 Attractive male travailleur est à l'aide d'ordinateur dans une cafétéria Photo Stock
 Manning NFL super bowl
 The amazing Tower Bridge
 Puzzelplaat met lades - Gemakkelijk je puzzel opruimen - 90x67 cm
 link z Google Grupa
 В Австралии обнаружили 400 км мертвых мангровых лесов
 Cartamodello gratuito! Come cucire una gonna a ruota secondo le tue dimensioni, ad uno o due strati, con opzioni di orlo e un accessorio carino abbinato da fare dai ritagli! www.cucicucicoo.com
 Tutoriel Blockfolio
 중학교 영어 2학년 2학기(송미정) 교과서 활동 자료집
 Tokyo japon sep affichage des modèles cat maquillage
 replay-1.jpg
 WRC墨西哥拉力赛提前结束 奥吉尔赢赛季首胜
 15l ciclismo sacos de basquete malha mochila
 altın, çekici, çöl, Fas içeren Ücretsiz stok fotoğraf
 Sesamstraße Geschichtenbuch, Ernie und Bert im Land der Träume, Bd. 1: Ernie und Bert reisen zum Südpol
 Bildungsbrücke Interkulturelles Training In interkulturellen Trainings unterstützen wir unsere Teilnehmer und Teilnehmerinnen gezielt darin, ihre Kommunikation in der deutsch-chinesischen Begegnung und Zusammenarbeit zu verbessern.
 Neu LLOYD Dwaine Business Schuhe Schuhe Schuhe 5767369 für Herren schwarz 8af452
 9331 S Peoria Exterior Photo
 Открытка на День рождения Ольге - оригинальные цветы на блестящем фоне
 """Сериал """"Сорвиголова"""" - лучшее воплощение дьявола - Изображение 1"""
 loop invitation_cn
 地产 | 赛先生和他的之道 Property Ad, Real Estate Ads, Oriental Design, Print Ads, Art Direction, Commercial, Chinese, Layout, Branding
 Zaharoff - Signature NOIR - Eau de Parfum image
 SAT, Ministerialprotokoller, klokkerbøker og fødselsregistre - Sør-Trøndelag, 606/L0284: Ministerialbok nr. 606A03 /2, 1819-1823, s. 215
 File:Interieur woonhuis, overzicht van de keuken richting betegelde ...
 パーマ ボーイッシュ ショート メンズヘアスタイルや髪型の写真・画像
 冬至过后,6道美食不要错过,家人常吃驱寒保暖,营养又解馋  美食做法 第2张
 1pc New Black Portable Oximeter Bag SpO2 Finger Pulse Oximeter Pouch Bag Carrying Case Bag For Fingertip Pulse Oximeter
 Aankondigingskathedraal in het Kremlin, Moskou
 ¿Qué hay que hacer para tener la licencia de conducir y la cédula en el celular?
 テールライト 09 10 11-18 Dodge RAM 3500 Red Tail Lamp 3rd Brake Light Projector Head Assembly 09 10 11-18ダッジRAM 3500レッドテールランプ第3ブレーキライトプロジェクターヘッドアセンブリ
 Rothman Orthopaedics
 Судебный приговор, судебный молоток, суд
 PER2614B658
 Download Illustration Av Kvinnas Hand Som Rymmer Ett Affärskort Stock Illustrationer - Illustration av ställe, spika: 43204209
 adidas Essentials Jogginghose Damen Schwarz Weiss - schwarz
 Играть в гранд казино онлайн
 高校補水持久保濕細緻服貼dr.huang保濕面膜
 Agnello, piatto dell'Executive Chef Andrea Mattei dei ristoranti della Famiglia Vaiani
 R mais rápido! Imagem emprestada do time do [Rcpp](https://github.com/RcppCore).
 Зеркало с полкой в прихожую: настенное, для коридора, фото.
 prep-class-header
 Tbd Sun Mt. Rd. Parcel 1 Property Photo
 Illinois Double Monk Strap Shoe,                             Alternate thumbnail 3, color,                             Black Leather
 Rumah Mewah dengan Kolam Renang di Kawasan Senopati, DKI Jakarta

**Task to complete**
I need each line above reproduced exactly.

**Exercise response**
 Attractive male travailleur est à l'aide d'ordinateur dans une cafétéria Photo Stock
 Manning NFL super bowl
 The amazing Tower Bridge
 Puzzelplaat met lades - Gemakkelijk je puzzel opruimen - 90x67 cm
 link z Google Grupa
 В Австралии обнаружили 400 км мертвых мангровых лесов
 Cartamodello gratuito! Come cucire una gonna a ruota secondo le tue dimensioni, ad uno o due strati, con opzioni di orlo e un accessorio carino abbinato da fare dai ritagli! www.cucicucicoo.com
 Tutoriel Blockfolio
 중학교 영어 2학년 2학기(송미정) 교과서 활동 자료집
 Tokyo japon sep affichage des modèles cat maquillage
 replay-1.jpg
 WRC墨西哥拉力赛提前结束 奥吉尔赢赛季首胜
 15l ciclismo sacos de basquete malha mochila
 altın, çekici, çöl, Fas içeren Ücretsiz stok fotoğraf
 Sesamstraße Geschichtenbuch, Ernie und Bert im Land der Träume, Bd. 1: Ernie und Bert reisen zum Südpol
 Bildungsbrücke Interkulturelles Training In interkulturellen Trainings unterstützen wir unsere Teilnehmer und Teilnehmerinnen gezielt darin, ihre Kommunikation in der deutsch-chinesischen Begegnung und Zusammenarbeit zu verbessern.
 Neu LLOYD Dwaine Business Schuhe Schuhe Schuhe 5767369 für Herren schwarz 8af452
 9331 S Peoria Exterior Photo
 Открытка на День рождения Ольге - оригинальные цветы на блестящем фоне
 """Сериал """"Сорвиголова"""" - лучшее воплощение дьявола - Изображение 1"""
 loop invitation_cn
 地产 | 赛先生和他的之道 Property Ad, Real Estate Ads, Oriental Design, Print Ads, Art Direction, Commercial, Chinese, Layout, Branding
 Zaharoff - Signature NOIR - Eau de Parfum image
 SAT, Ministerialprotokoller, klokkerbøker og fødselsregistre - Sør-Trøndelag, 606/L0284: Ministerialbok nr. 606A03 /2, 1819-1823, s. 215
 File:Interieur woonhuis, overzicht van de keuken richting betegelde ...
 パーマ ボーイッシュ ショート メンズヘアスタイルや髪型の写真・画像
 冬至过后,6道美食不要错过,家人常吃驱寒保暖,营养又解馋  美食做法 第2张
 1pc New Black Portable Oximeter Bag SpO2 Finger Pulse Oximeter Pouch Bag Carrying Case Bag For Fingertip Pulse Oximeter
 Aankondigingskathedraal in het Kremlin, Moskou
 ¿Qué hay que hacer para tener la licencia de conducir y la cédula en el celular?
 テールライト 09 10 11-18 Dodge RAM 3500 Red Tail Lamp 3rd Brake Light Projector Head Assembly 09 10 11-18ダッジRAM 3500レッドテールランプ第3ブレーキライトプロジェクターヘッドアセンブリ
 Rothman Orthopaedics
 Судебный приговор, судебный молоток, суд
 PER2614B658
 Download Illustration Av Kvinnas Hand Som Rymmer Ett Affärskort Stock Illustrationer - Illustration av ställe, spika: 43204209
 adidas Essentials Jogginghose Damen Schwarz Weiss - schwarz
 Играть в гранд казино онлайн
 高校補水持久保濕細緻服貼dr.huang保濕面膜
 Agnello, piatto dell'Executive Chef Andrea Mattei dei ristoranti della Famiglia Vaiani
 R mais rápido! Imagem emprestada do time do [Rcpp](https://github.com/RcppCore).
 Зеркало с полкой в прихожую: настенное, для коридора, фото.
 prep-class-header
 Tbd Sun Mt. Rd. Parcel 1 Property Photo
 Illinois Double Monk Strap Shoe,                             Alternate thumbnail 3, color,                             Black Leather
 Rumah Mewah dengan Kolam Renang di Kawasan Senopati, DKI Jakarta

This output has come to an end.